> _Dataset extract_
= = =

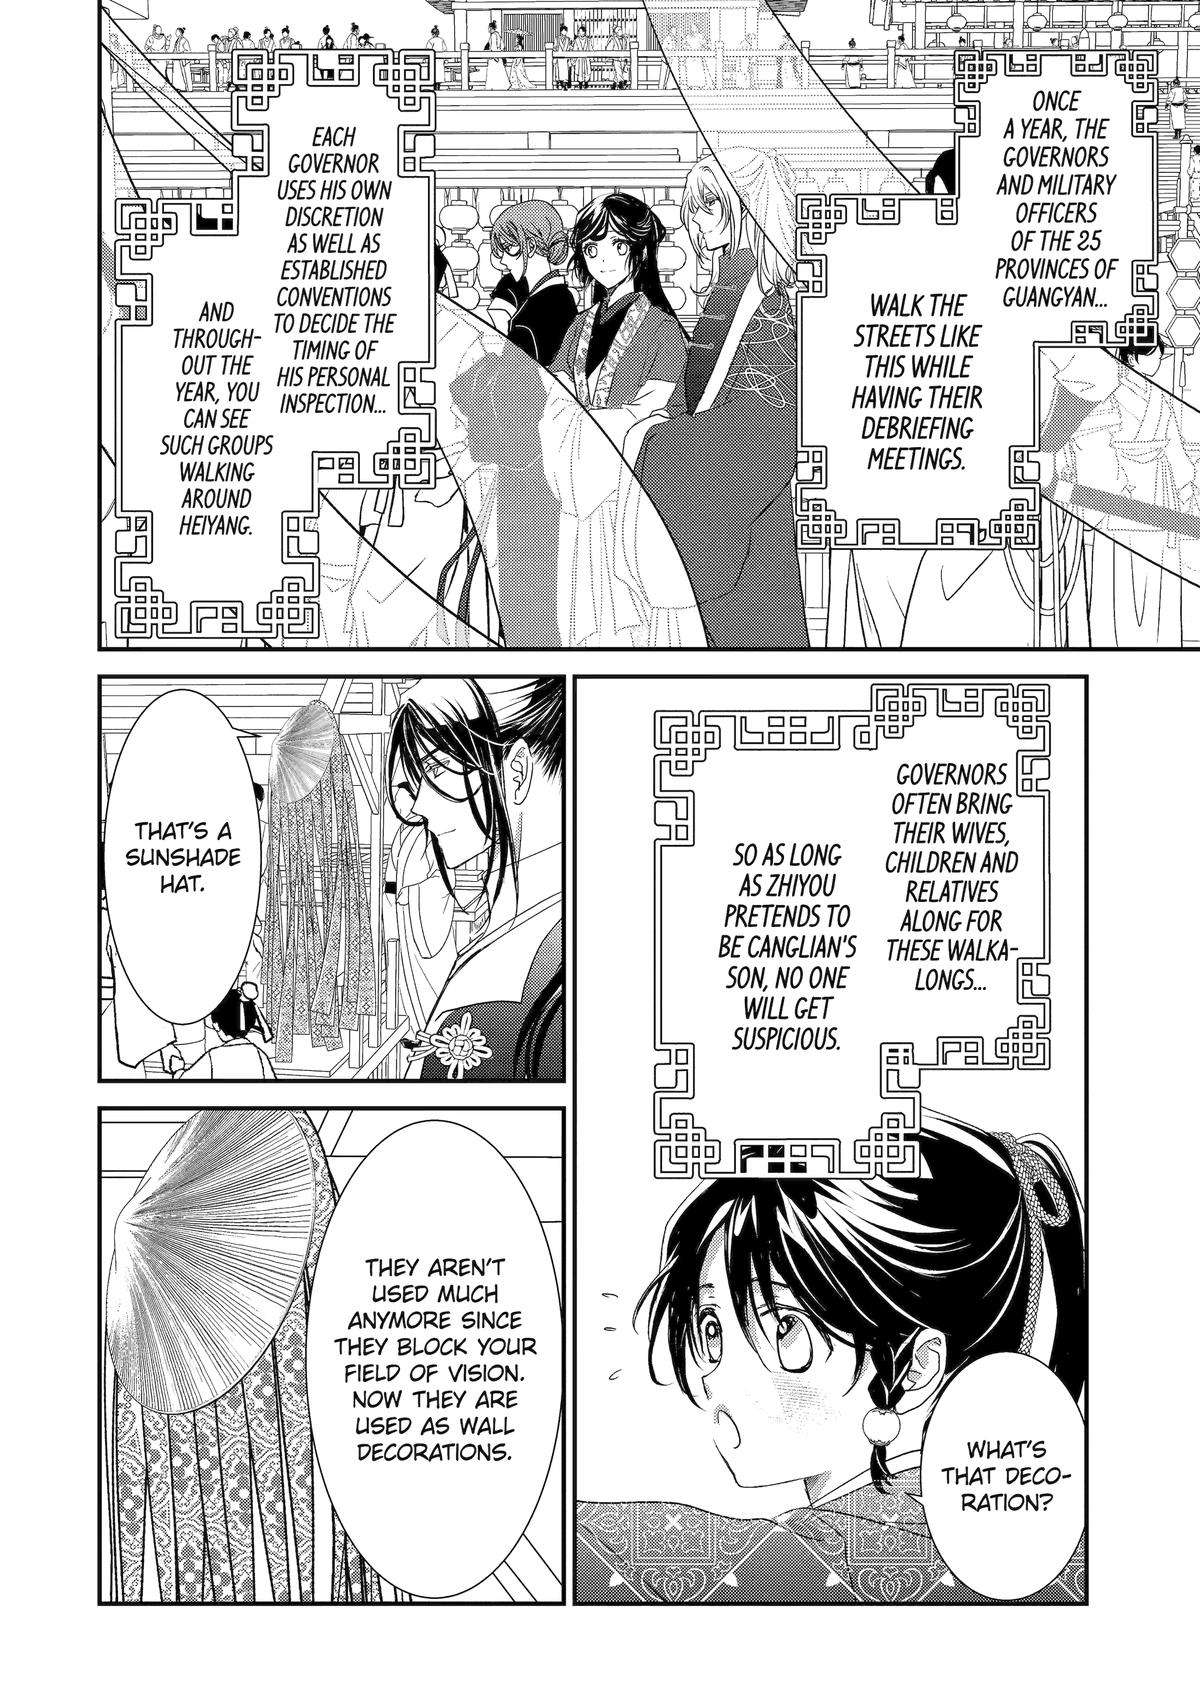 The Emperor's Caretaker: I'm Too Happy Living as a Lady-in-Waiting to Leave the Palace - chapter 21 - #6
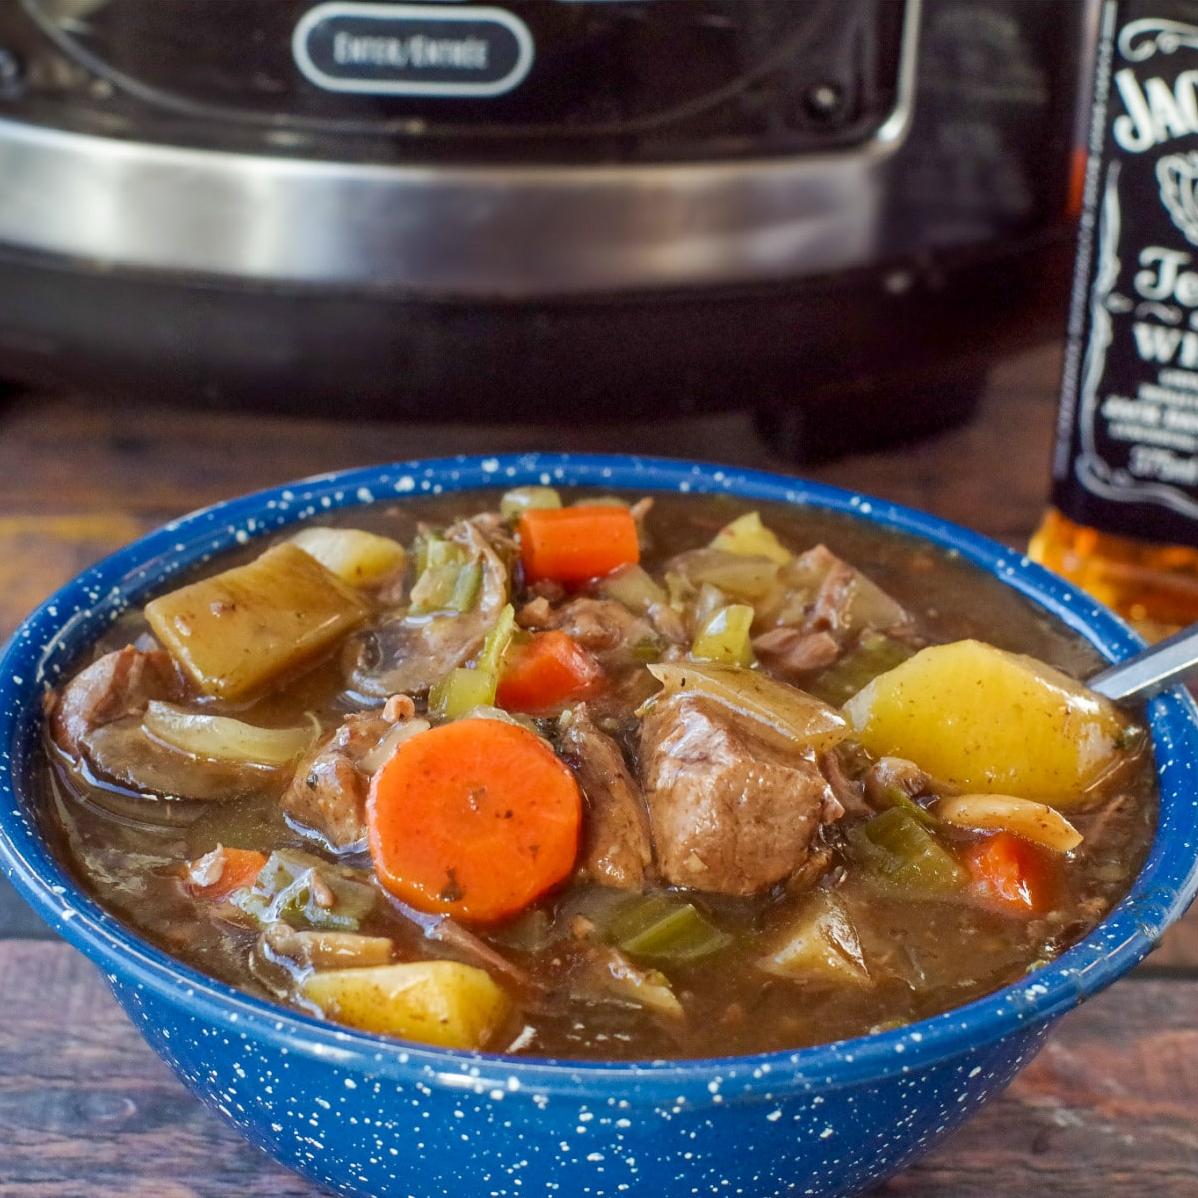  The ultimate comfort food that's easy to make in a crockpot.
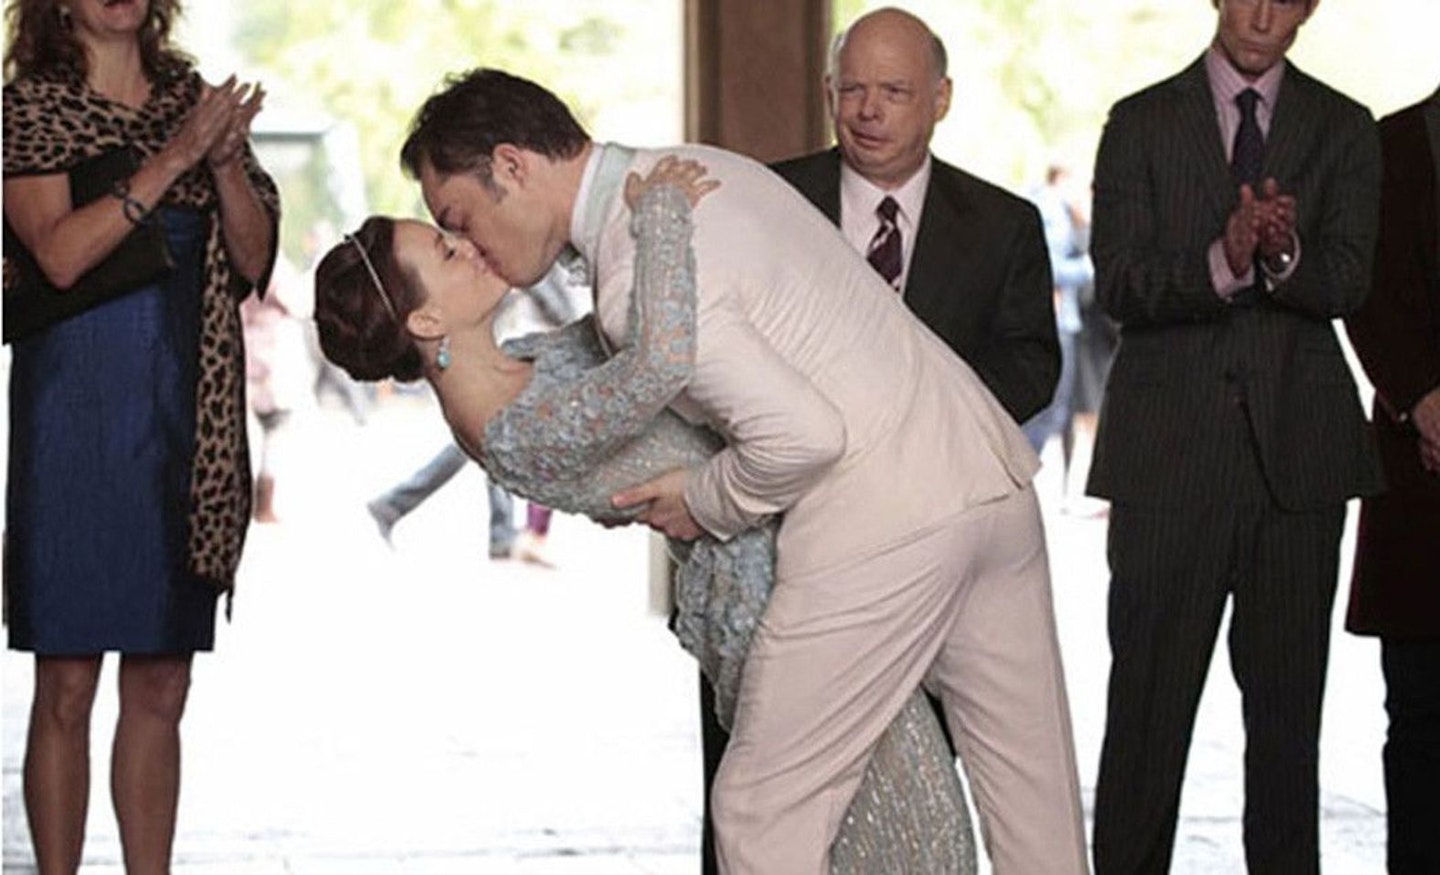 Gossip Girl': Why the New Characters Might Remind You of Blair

= = =

Only the lines from the one containing "The ultimate comfort" through the end of the listing above should be reproduced, exactly as they stand. Leave the pictures out.

> _Exercise response_
  The ultimate comfort food that's easy to make in a crockpot.
 Gossip Girl': Why the New Characters Might Remind You of Blair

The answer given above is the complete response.